For a number of years now, writings of my colleague Mireille Delmas-Marty have explored the relationships between the globalization of law and the globalization of the economy. Her newest publication proposes to regulate the latter in a way that enhances the former. Specifically, she would criminalize “aggression committed by non-state actors” – read corporations – as a means to encourage states to agree to hold themselves accountable for this international offense.
This provocative suggestion appears toward the end of “Ambiguities and Lacunae: The International Criminal Court Ten Years On,” just published in the Journal of International Criminal Justice by Delmas-Marty, Chair Emerita in Comparative Legal Studies and Internationalisation of Law at the Collège de France in Paris. (photo credit) The essay:
► Begins with “ambiguities” that arise out of the tension between the universalist aspirations of the Rome Statute and the sovereigntist realities of the ICC’s state-based structure.
Among the manifestations of this tension, she writes, is the status of the crime of aggression in the ICC. The international global community, she argues, must not just aim for “restoring peace as a form of reparation, but rather it must seek to establish a long-lasting and sustainable peace.” (p. 557) In her view, states’ Realpolitik must give way to acceptance, by big states as well as small, of the crime-of-aggression amendments adopted at the ICC Review Conference in Kampala, Uganda.

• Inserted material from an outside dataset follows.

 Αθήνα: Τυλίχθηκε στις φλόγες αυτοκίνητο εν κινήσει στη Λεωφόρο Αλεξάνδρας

These amendments would regulate only state actors. Entry into force requires ratification by 30 of the ICC’s 122 states parties, as well as an additional state-party vote that may not take place earlier than 2017. As I wrote in A Janus Look at International Criminal Justice (2013), ratifications have been slow in coming. The Rome Statute had secured nearly all the requisite 60 ratifications within the 3 years following its adoption; in contrast, as of today, 3 years after the Kampala Conference, only 7 states have ratified the crime-of-aggression amendments. A new addition, Germany, merits particular note not only because of its history, but also because of its status as a large-power NATO member. Yet as Delmas-Marty writes in her JICJ article, most states seem to remain “[r]eluctant to transfer to international judges the power to qualify acts of aggression.” (p. 558)

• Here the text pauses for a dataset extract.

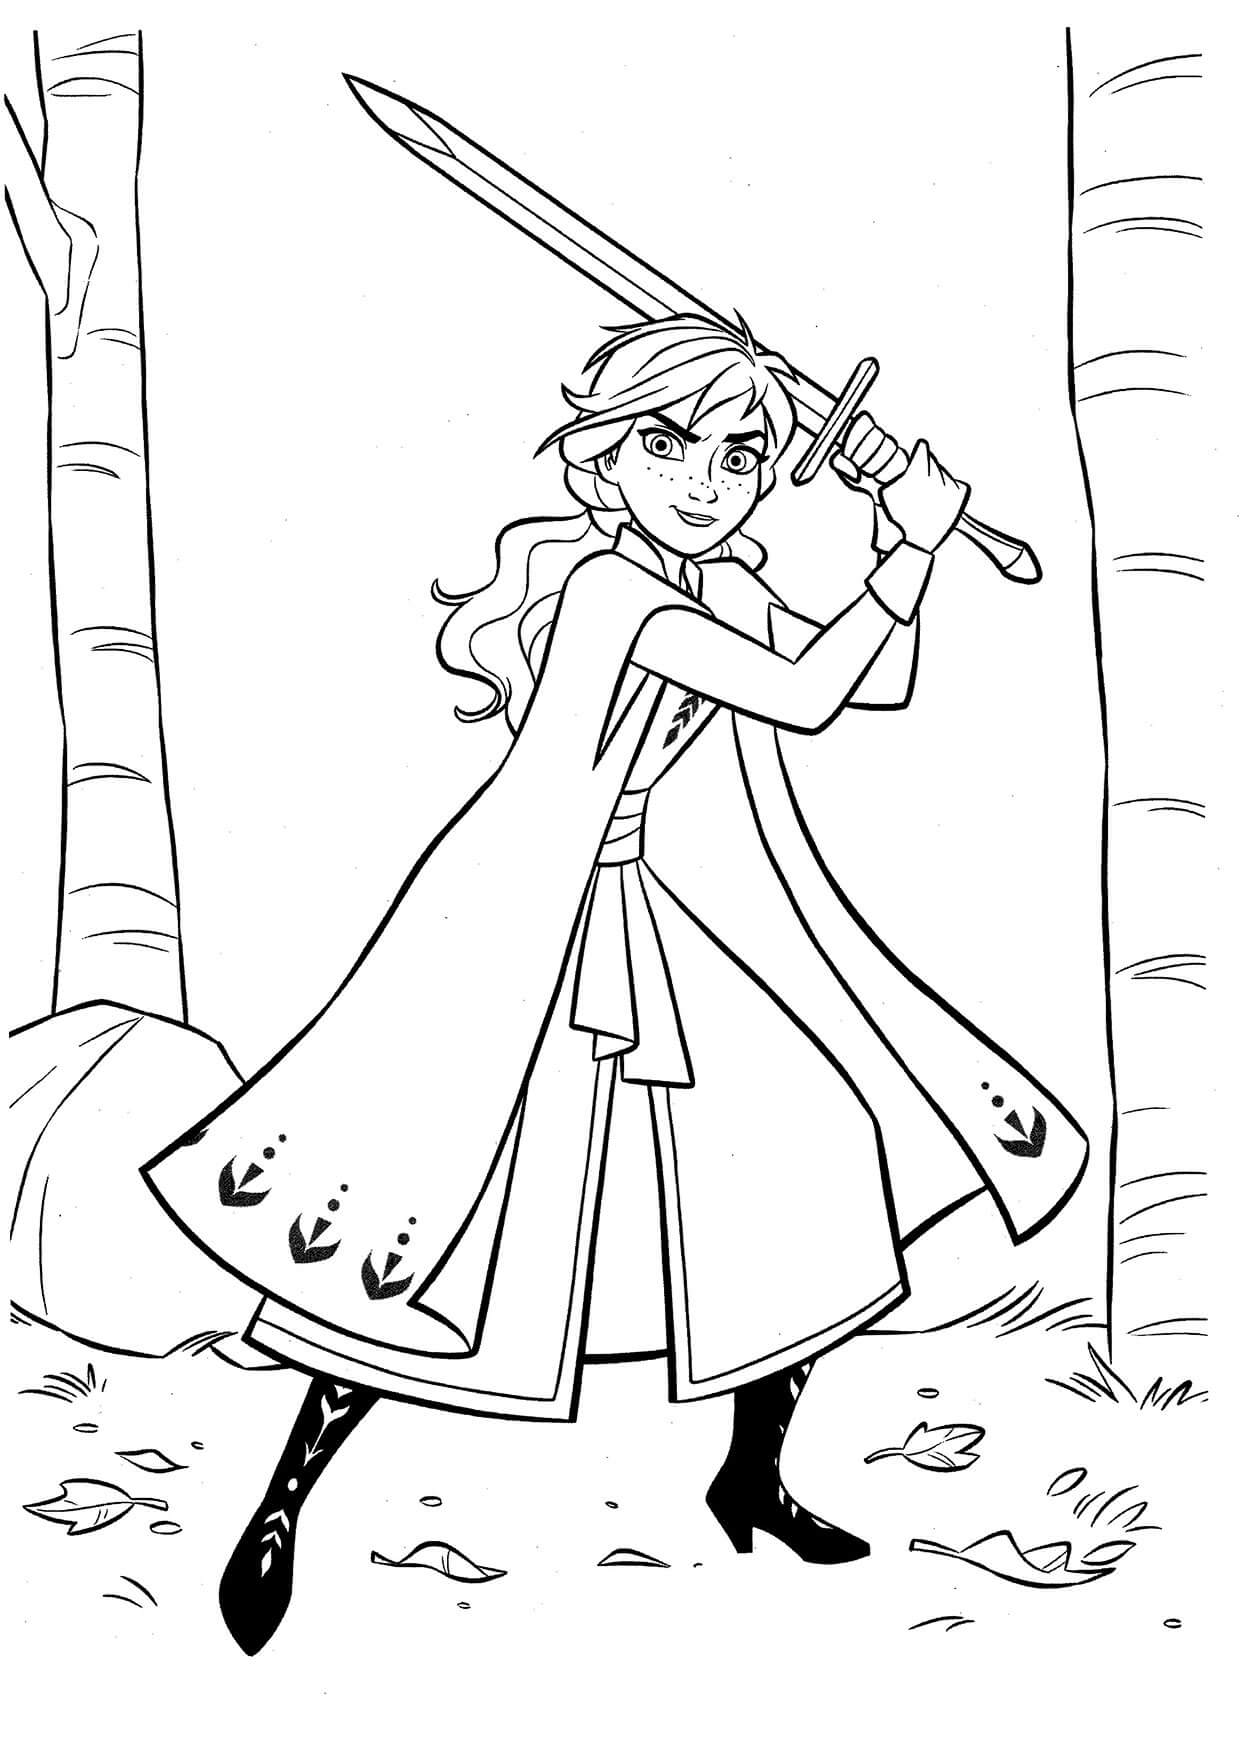 Anna houdt zwaard vast

► Shifts to exploration of “lacunae” (pp. 558-61). Of particular concern to Delmas-Marty is the status of globalized nonstate economic actors vis–à–vis the ICC. Citing Nuremberg-era cases involving industrialists, such as IG Farben, Flick, and Krupp, she states:
‘Corporate criminal involvement in international crimes did not end with the Second World War.’
Sometimes, she continues, “corporations are involved in the commission of serious crimes …. And yet, the Rome Statute does not contemplate the criminal responsibility of legal persons ….” Especially when corporations bear responsibility for fueling conflicts through “alliances with warlords in order to obtain scarce resources (such as diamonds, gold, timber or oil),” (photo credit) Delmas-Marty urges amending the Rome Statute to hold nonstate economic actors accountable for aggression:
‘By first outlawing armed conflicts commenced by criminal organizations, the resistance of states could be overcome with the purpose of recognizing a global community whose interests are pursued by all in the name of a sovereignty that, rather than being solitary, is grounded on solidarity. Following such an approach, international criminal justice could perhaps apply not only to the vanquished but also to the victors. In other words, to the major powers themselves.’
These are ambitious goals. Even at Nuremberg, industrialists were convicted of aggression solely in the Krupp trial, and that result was reversed on review. (See here.) Still, Delmas-Marty’s article provokes thought on how to hold to account both state and nonstate authors and agents of atrocities.